Items from a dataset
*** Block opens ***

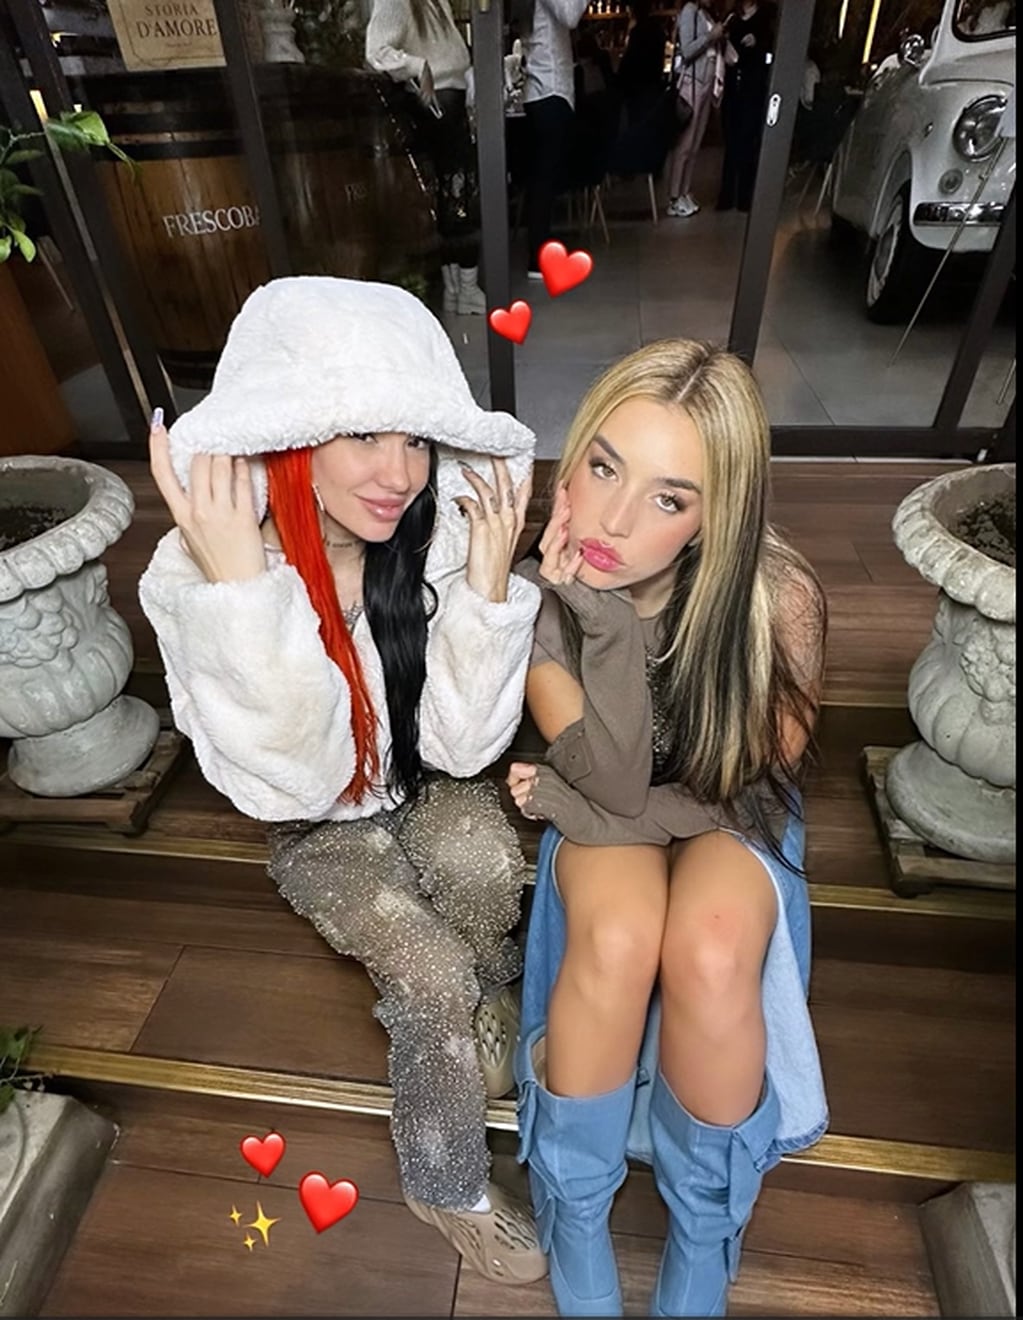 La Joaqui y Lola Índigo encendieron Instagram posando juntas con un estilo super trendy y jugado
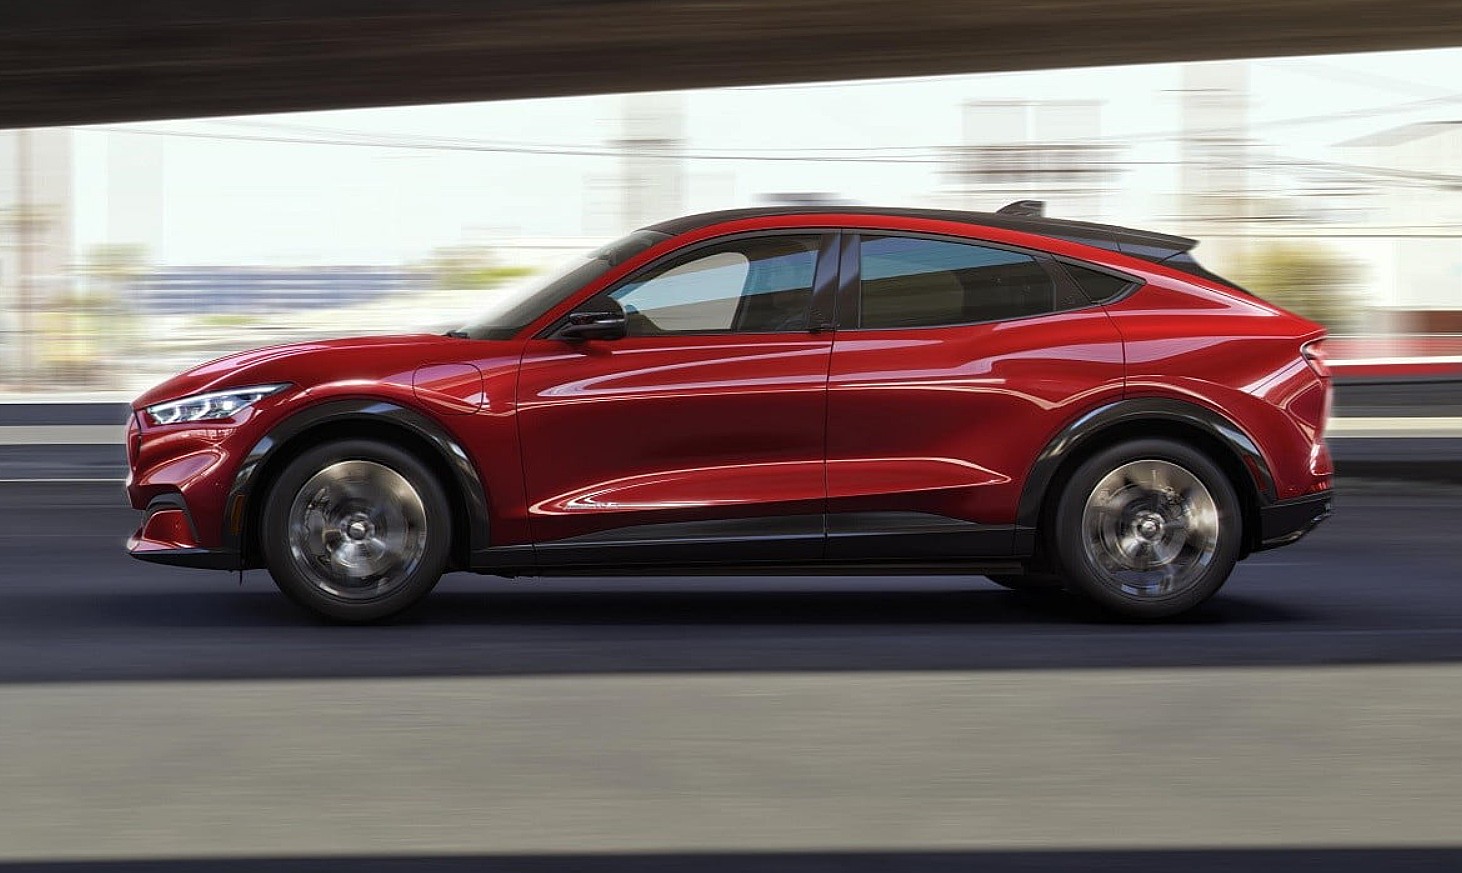 Ford Mustang Mach-E mogao bi biti električno vozilo broj 2022 po prodaji u XNUMX
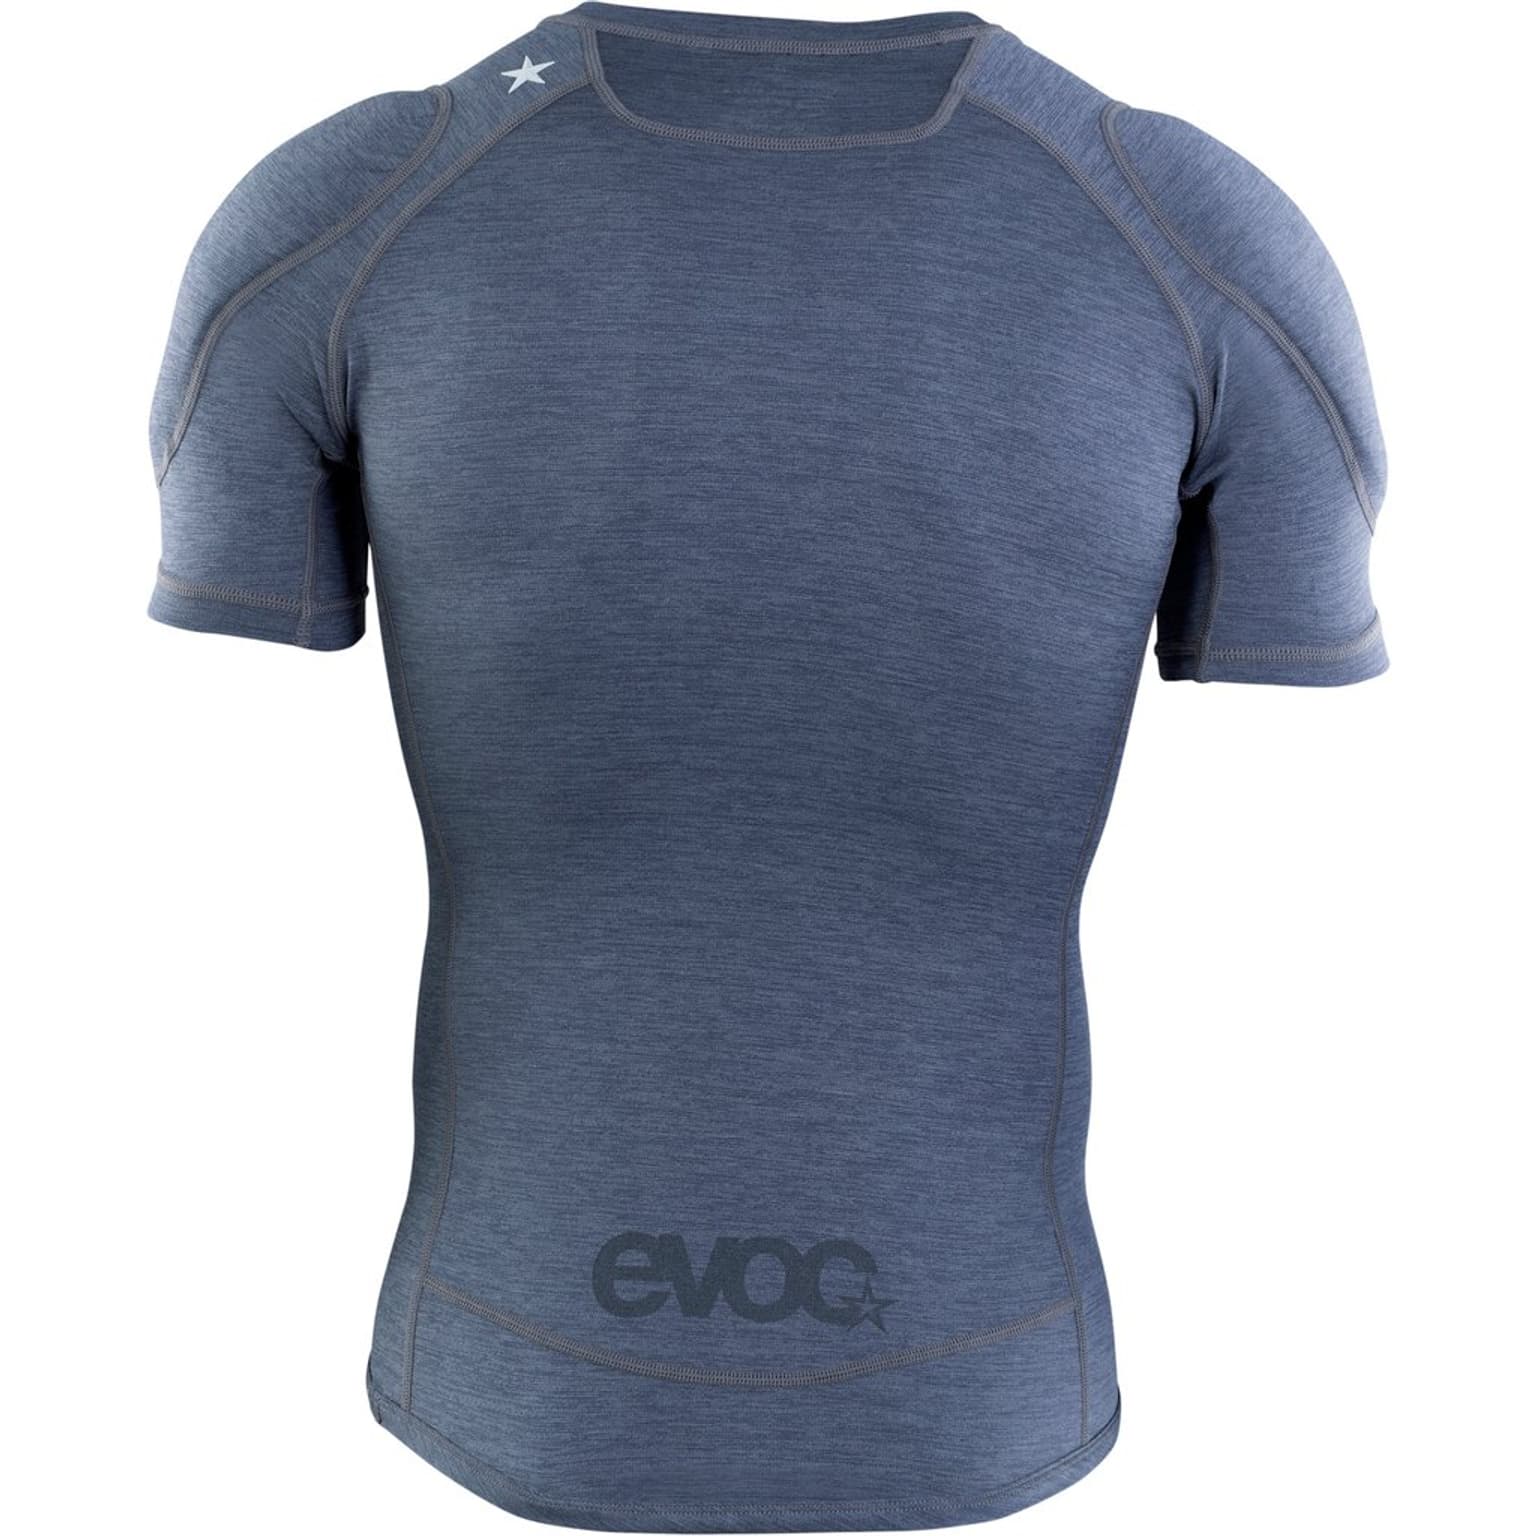 Evoc Evoc Enduro Shirt Protections gris-fonce 2
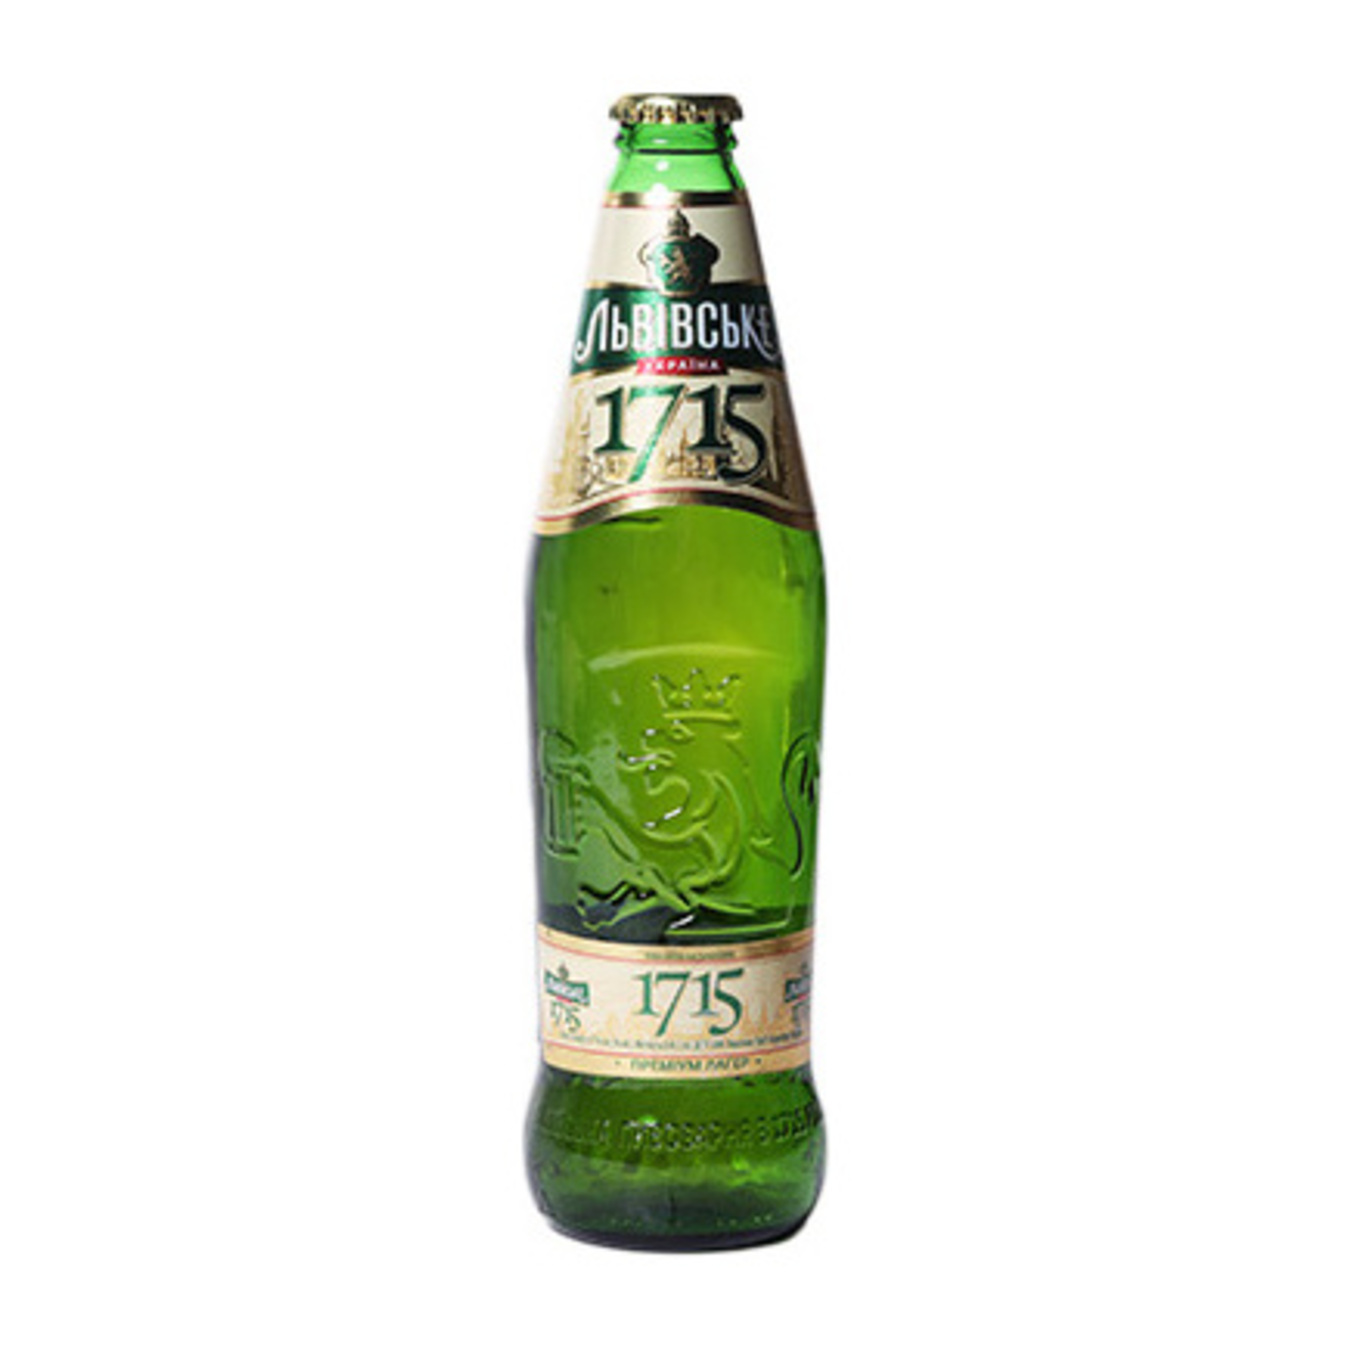 Пиво Львівське 1715 світле пастеризоване 4,7% 0,45л
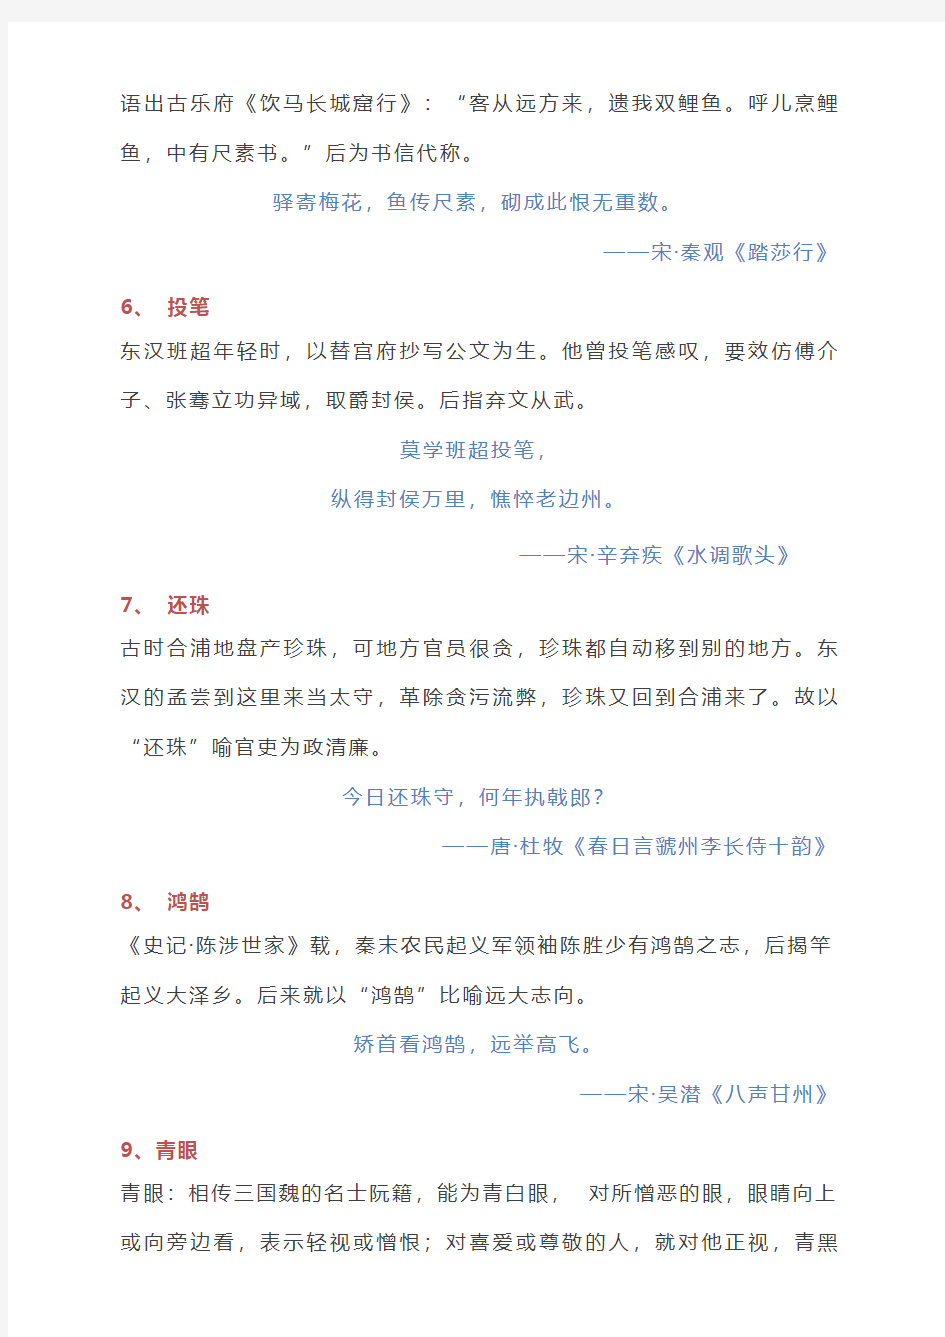 古诗词中常见的27个文化典故,帮你读懂诗意中华

*** Block closes ***

Make an exact copy of the lines above, starting at the line that contains "Evoc Evoc Enduro" and running through the final line of the entries. Omit the pictures.

 Evoc Evoc Enduro Shirt Protections gris-fonce 2
 Пиво Львівське 1715 світле пастеризоване 4,7% 0,45л
 古诗词中常见的27个文化典故,帮你读懂诗意中华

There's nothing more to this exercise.